Skipping any pictures, repeat exactly and only the lines from the one that holds "8 Ways to Get Rid of Slugs in Your Garden" to the last line of the material, both included.

DATASET EXTRACT:
==============================
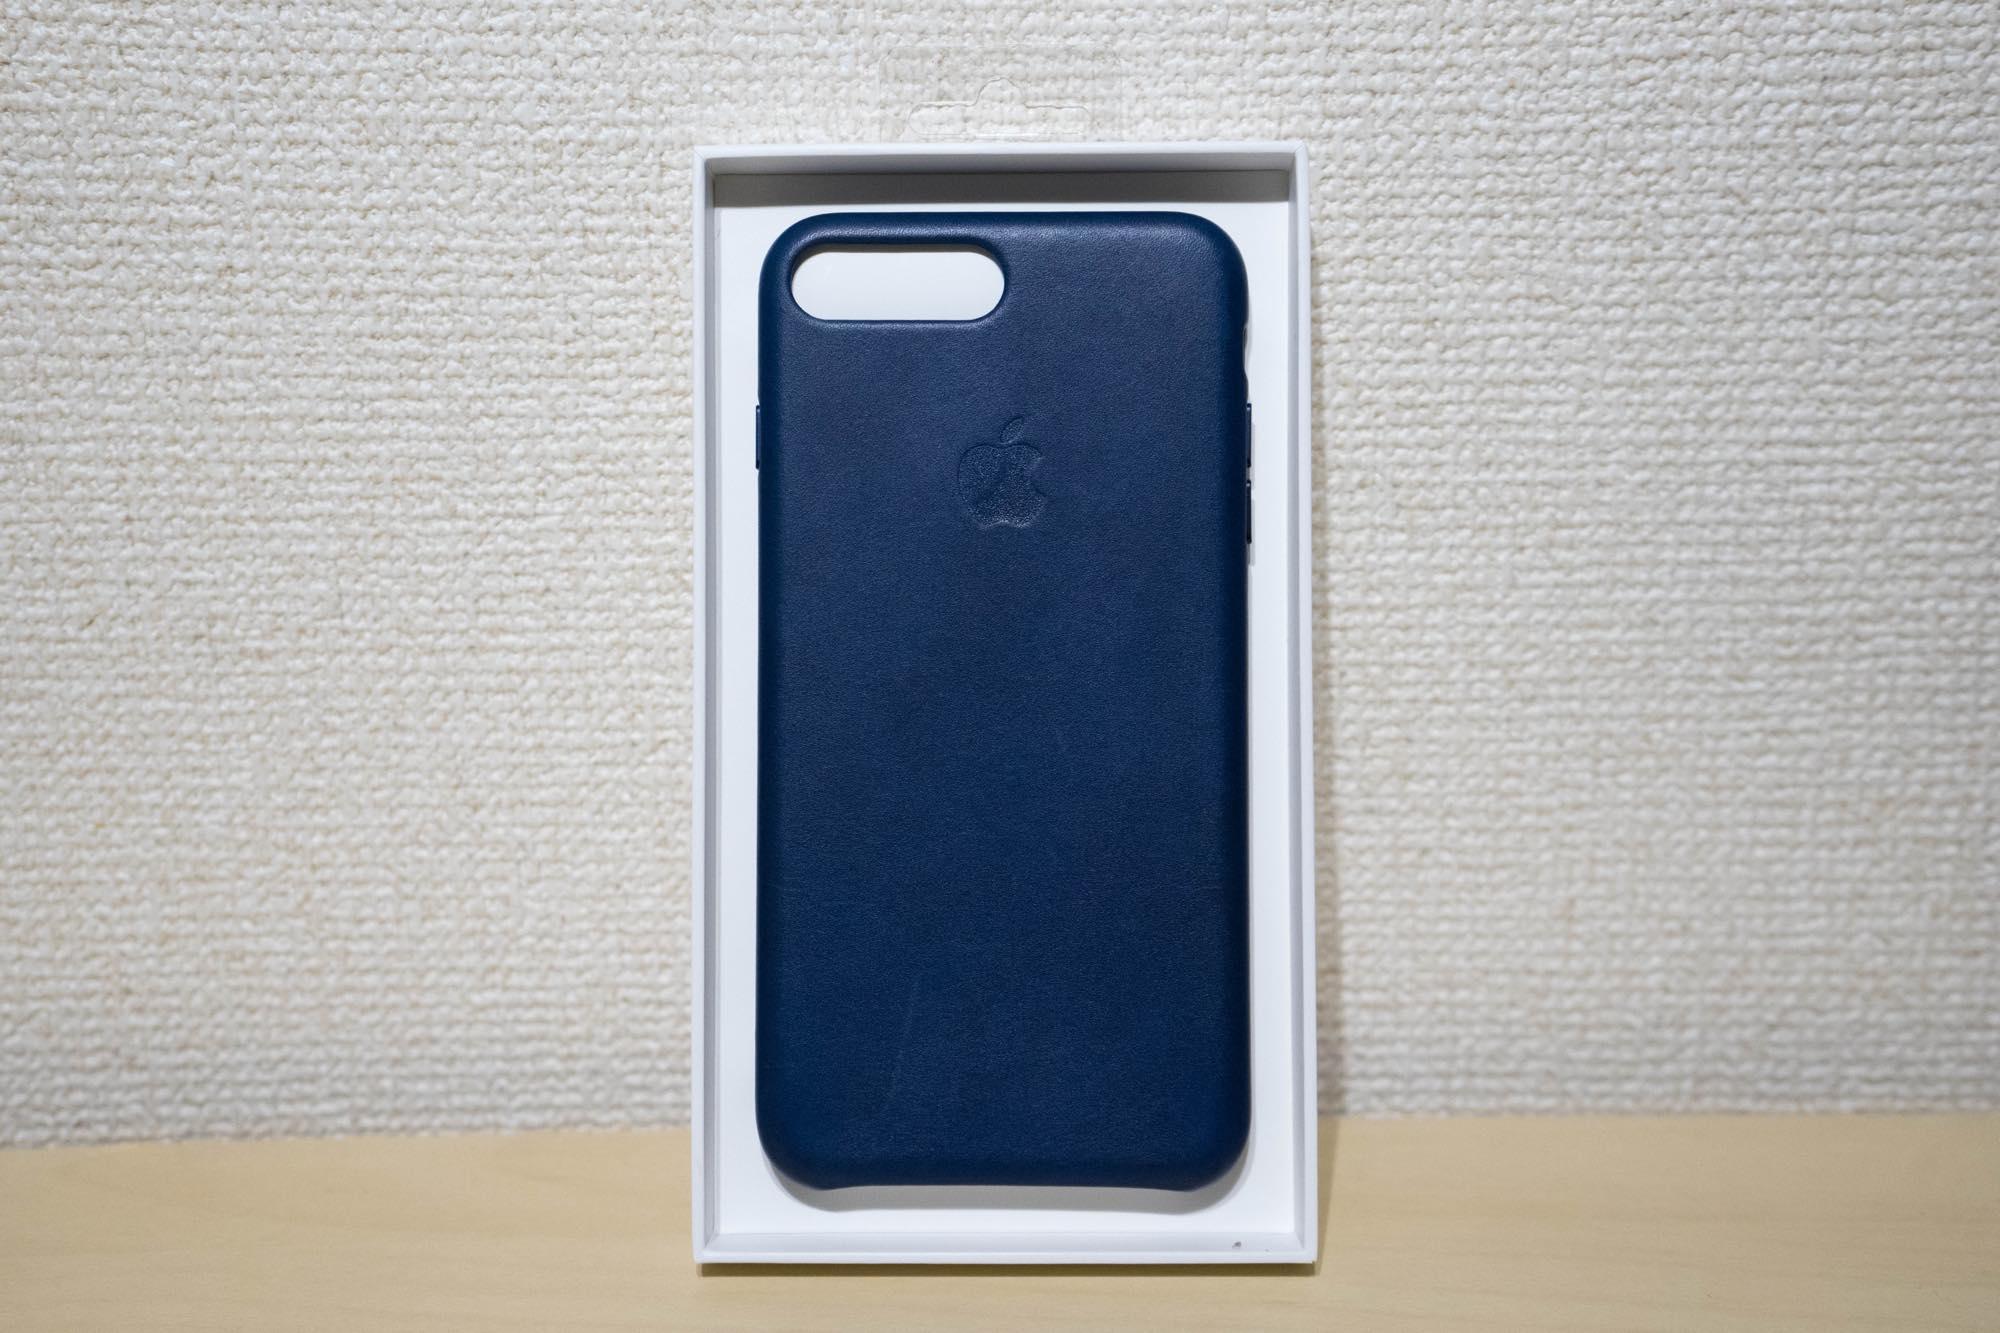 iphone7plus-leathercase-midnightblue2
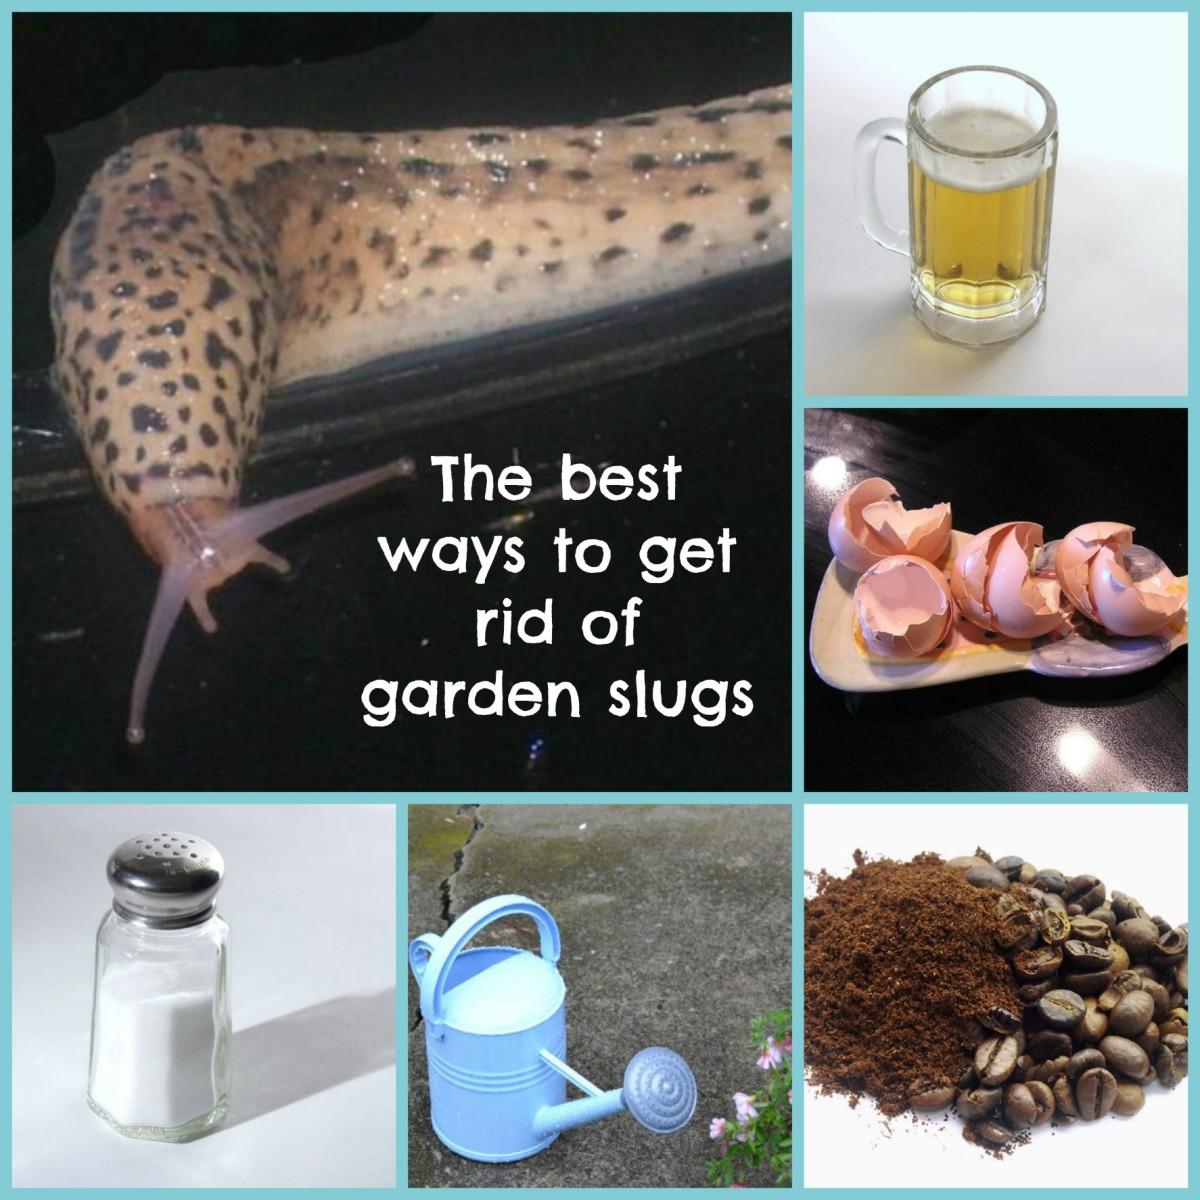 8 Ways to Get Rid of Slugs in Your Garden
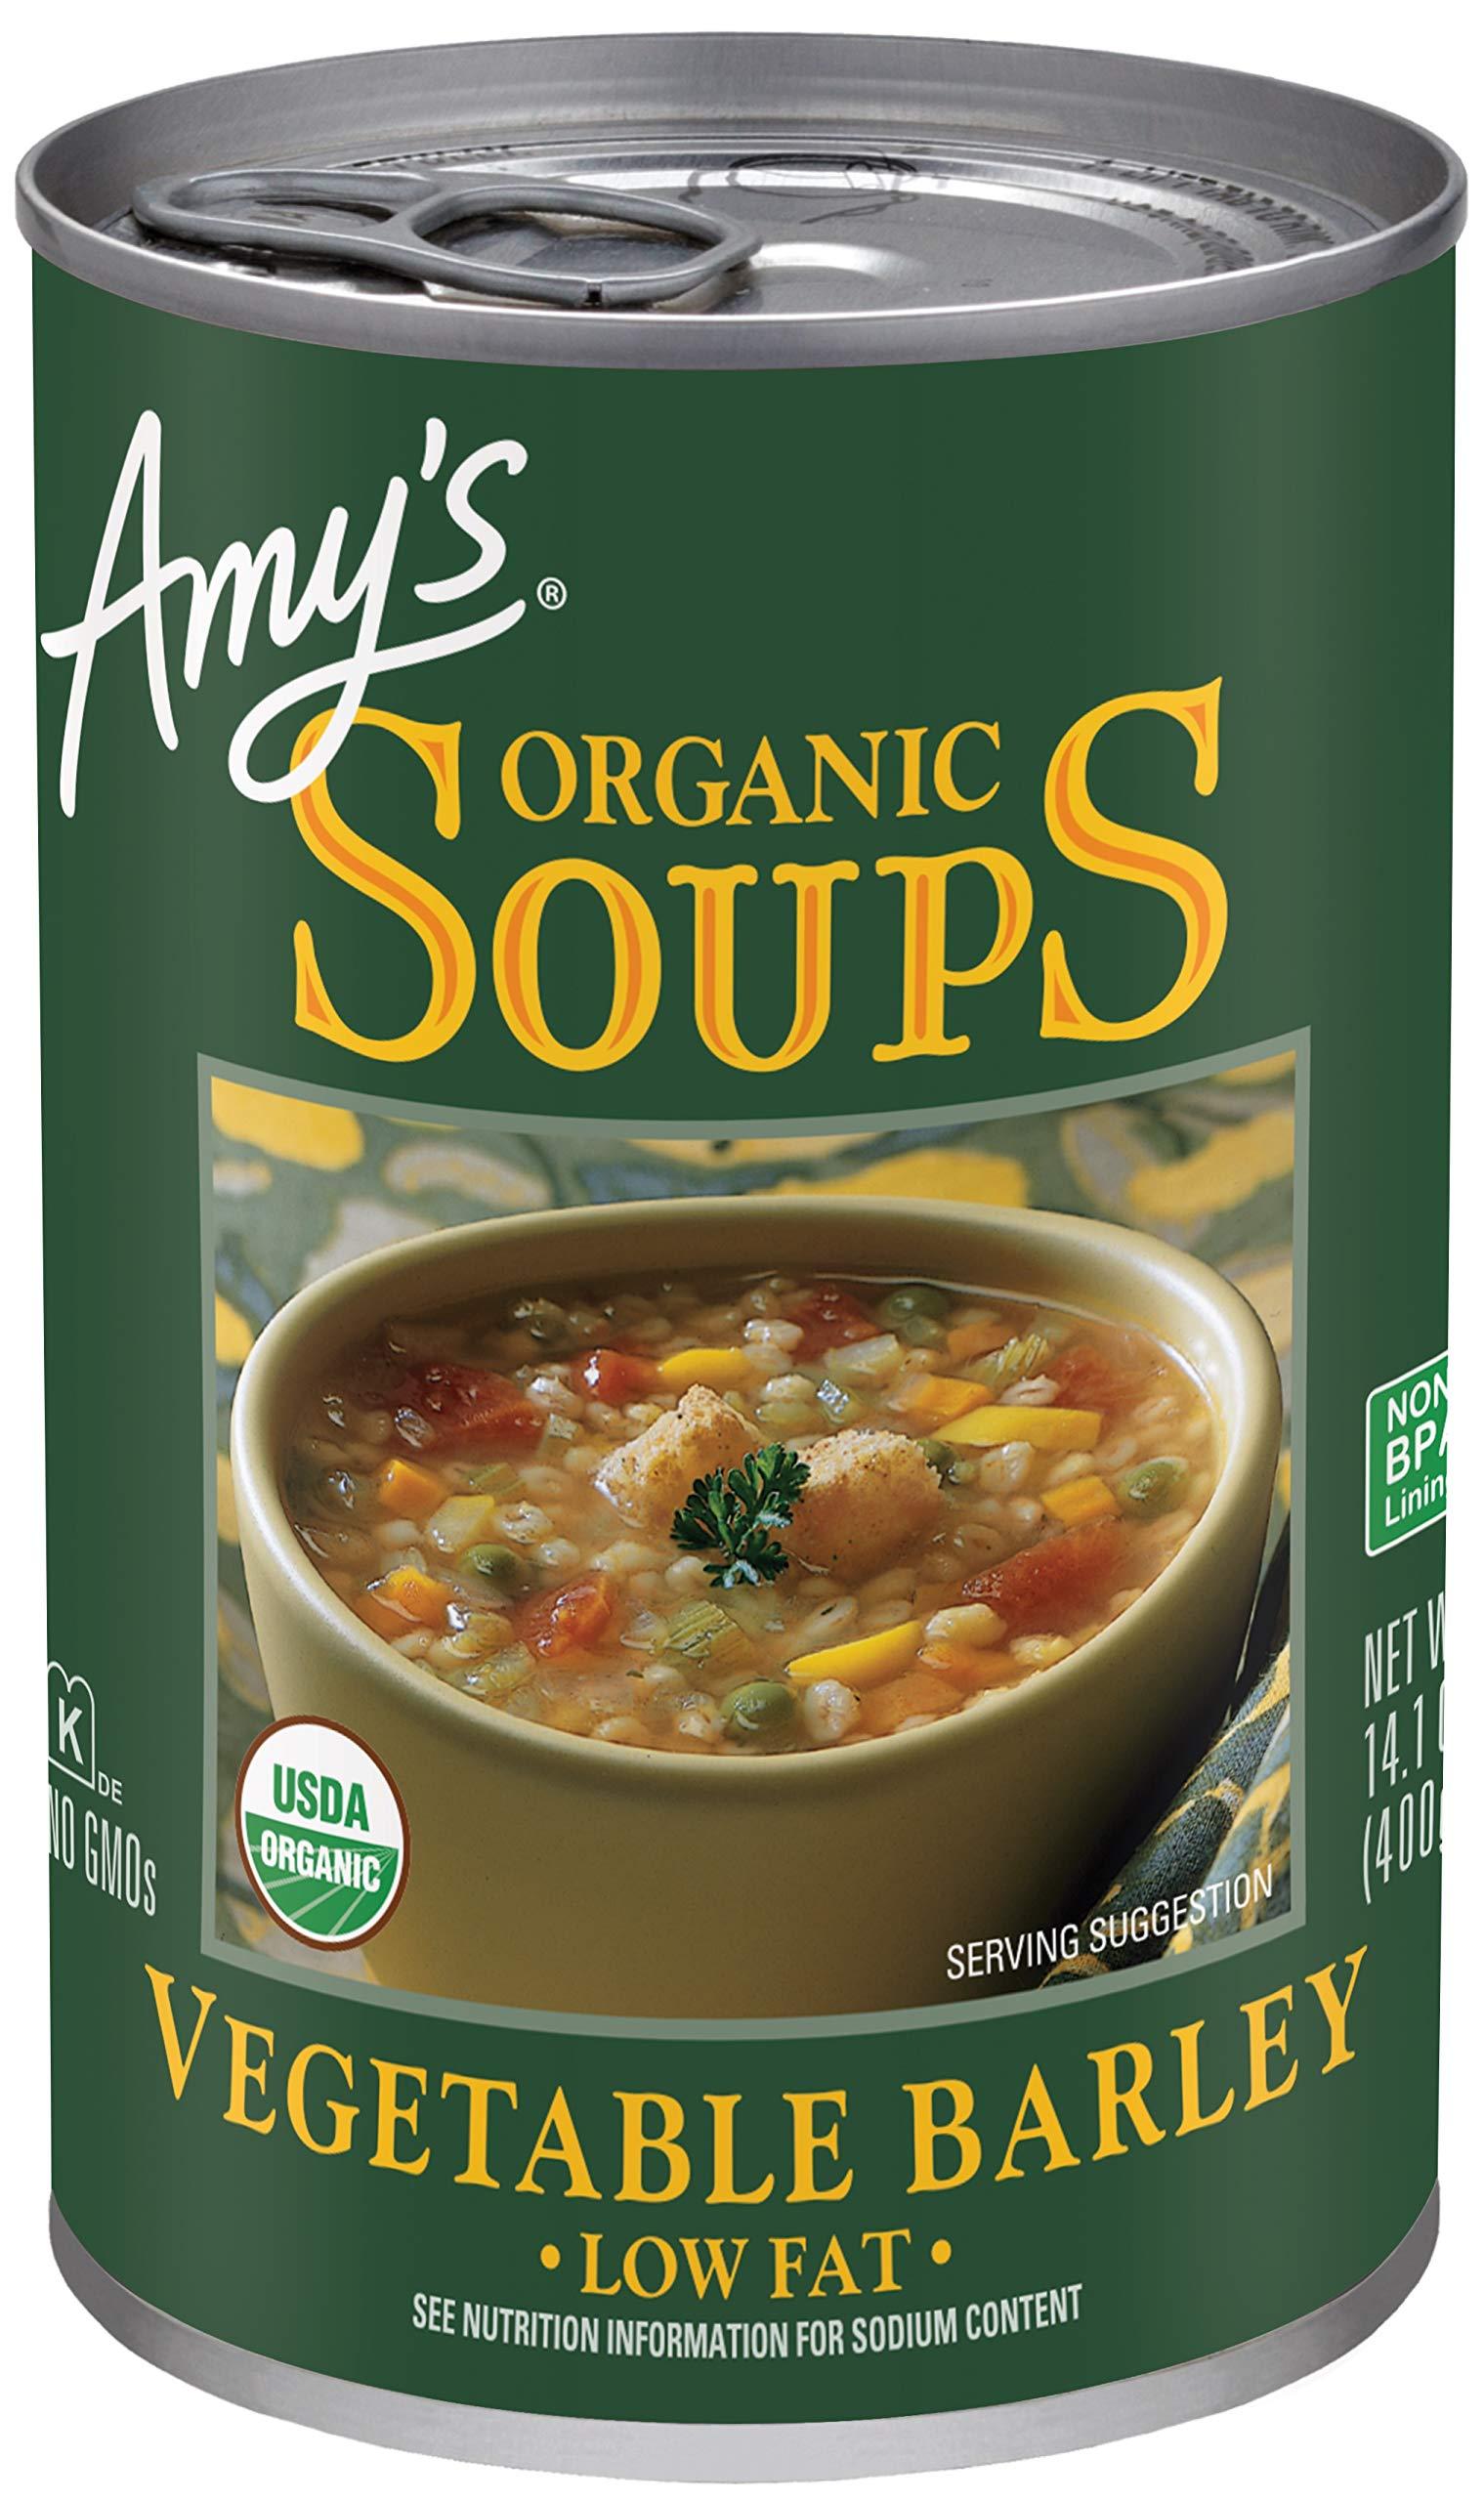 Amy's Organic Vegetable Barley Soup, Low Fat, Vegan, 14.1-Ounce
==============================
ANSWER TO THIS EXERCISE:
 8 Ways to Get Rid of Slugs in Your Garden
 Amy's Organic Vegetable Barley Soup, Low Fat, Vegan, 14.1-Ounce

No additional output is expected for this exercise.